UNITED STATES DISTRICT COURT SOUTHERN DISTRICT OF NEW YORK
Nov 1, 2019
19 Civ. 3379 (LAP) (S.D.N.Y. Nov. 1, 2019)

Opinion

19 Civ. 3379 (LAP)

11-01-2019

METSO MINERALS CANADA, INC. and METSO MINERALS INDUSTRIES, INC., Petitioners, v. ARCELORMITTAL EXPLOITATION MINIÉRE CANADA and ARCELORMITTAL CANADA INC., Respondents.


OPINION & ORDER

:

Petitioners Metso Minerals Canada, Inc. and Metso Minerals Industries, Inc. (together, "Metso") move to confirm a March 20, 2019, arbitration award (the "Award") against respondents ArcelorMittal Exploitation Miniére and ArcelorMittal Canada, Inc. (together, "ArcelorMittal"). (Notice of Motion to Confirm and Enforce Arbitral Award, dated Apr. 16, 2019 [dkt. no. 2]). ArcelorMittal cross-moves to vacate the Award on grounds that the arbitrators manifestly disregarded the law. (Cross-Petition to Vacate Arbitration Award ("Cross-Petition"), dated May 17, 2019 [dkt. no. 25]). For the reasons stated below, Metso's motion to confirm is GRANTED, and ArcelorMittal's cross-motion to vacate is DENIED.

I. Background

The following facts are taken from the Award and the parties' submissions and are not disputed except where noted.

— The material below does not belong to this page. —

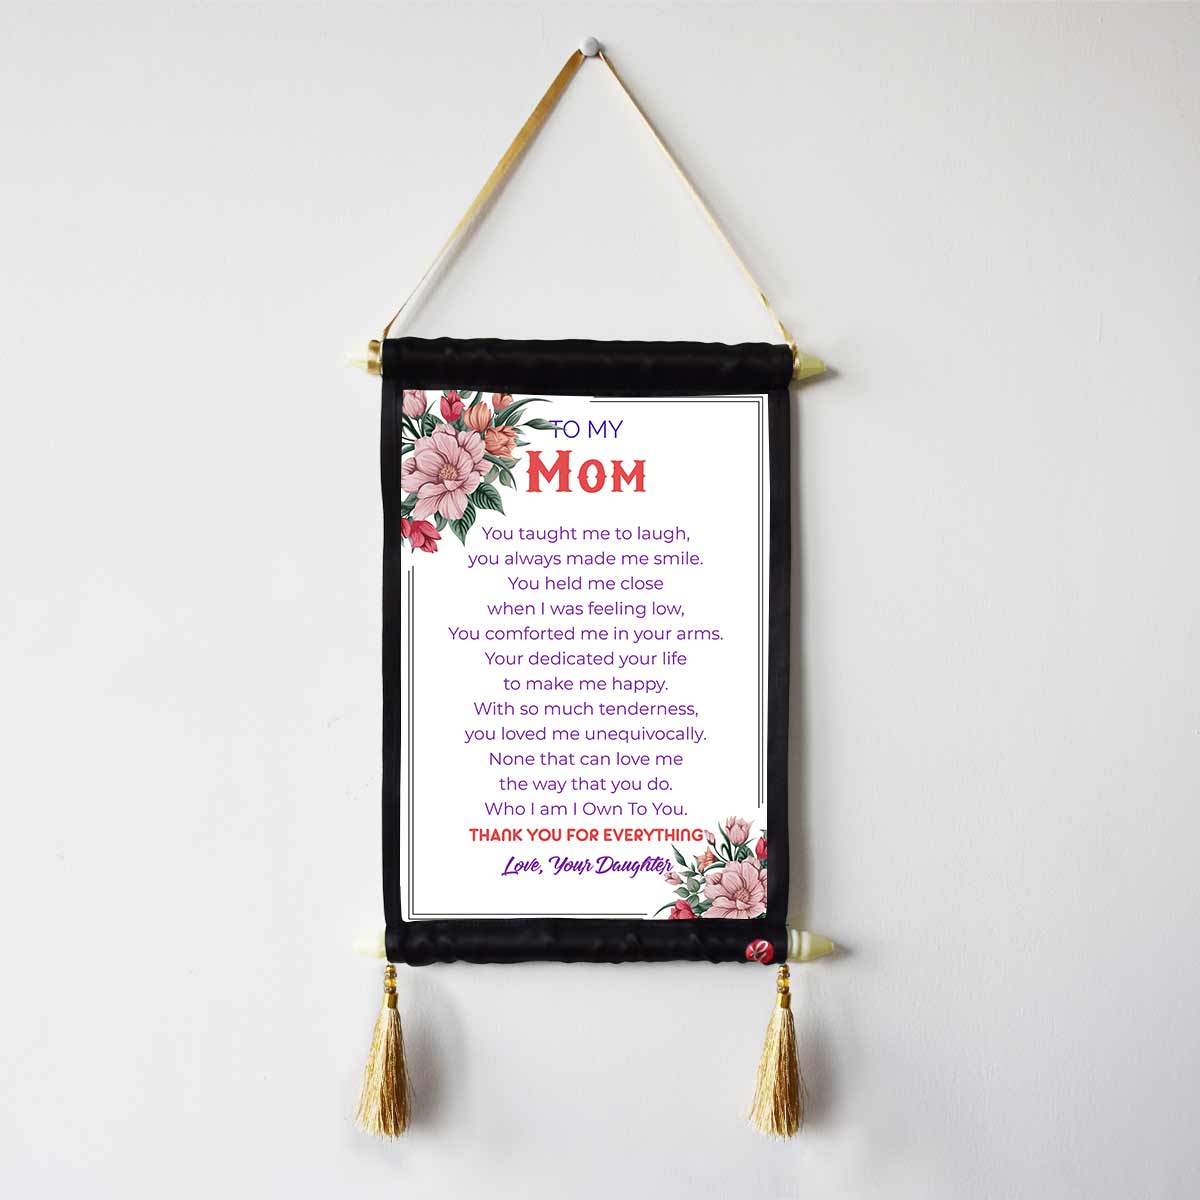 To my Mom Letter Scroll-4

The Award arises from a dispute regarding a contract for Metso to supply a specialized mill to a mining complex and iron plant ArcelorMittal operated in Quebec, Canada. (See Declaration of Michael Evan Jaffe ("Jaffe Decl."), dated Apr. 16, 2019 [dkt. no. 4], Ex. G ("Award") ¶¶ 171-74).

Around 2010, ArcelorMittal decided to expand its iron plant operations by purchasing a new mill, with the goal of increasing annual iron output by 8 million tons. (Id. ¶¶ 171-72, 175). In August 2010, ArcelorMittal requested quotations for the new mill from several bidders, including Metso. (Id. ¶¶ 171-72). Metso's bid ultimately won, and in February 2011, Metso and ArcelorMittal executed a contract for the mill. (Id. ¶ 172). The contract stated that its overarching objective was to expand the plant's iron production capacity by 8 million tons per year. (Id. ¶ 280). It also contained a clause requiring the parties to submit any disputes arising from the contract to arbitration under the Arbitration Rules for the International Chamber of Commerce ("ICC"). (Id. ¶ 1).

Over a year after the parties executed the contract, Metso delivered the new mill to ArcelorMittal's mining complex. (Id. ¶ 189). Following a ramp-up period, it became clear that the mill was underperforming. (Id. ¶ 190). ArcelorMittal notified Metso of the problem, and Metso responded with a remedial action plan, but the corrective measures did not have their intended effect. (Id. ¶¶ 190-91). ArcelorMittal avers that in the five years after the mill was installed, it never achieved the targeted production increase of 8 million tons per year. (Cross-Petition ¶ 14).

In June 2016, ArcelorMittal initiated an arbitration before the ICC, asserting causes of action under Quebec law, including contract-based claims and a claim for breach of the duty to inform, which, as explained in greater detail below, imposes certain disclosure obligations on contracting parties. (See Award ¶¶ 175-229). To give a high-level overview, ArcelorMittal's position at arbitration was that the mill could not process sufficient ore because it was defectively small, and that Metso knew, but failed to disclose, that its mill design presented risks that could threaten output. (Id.)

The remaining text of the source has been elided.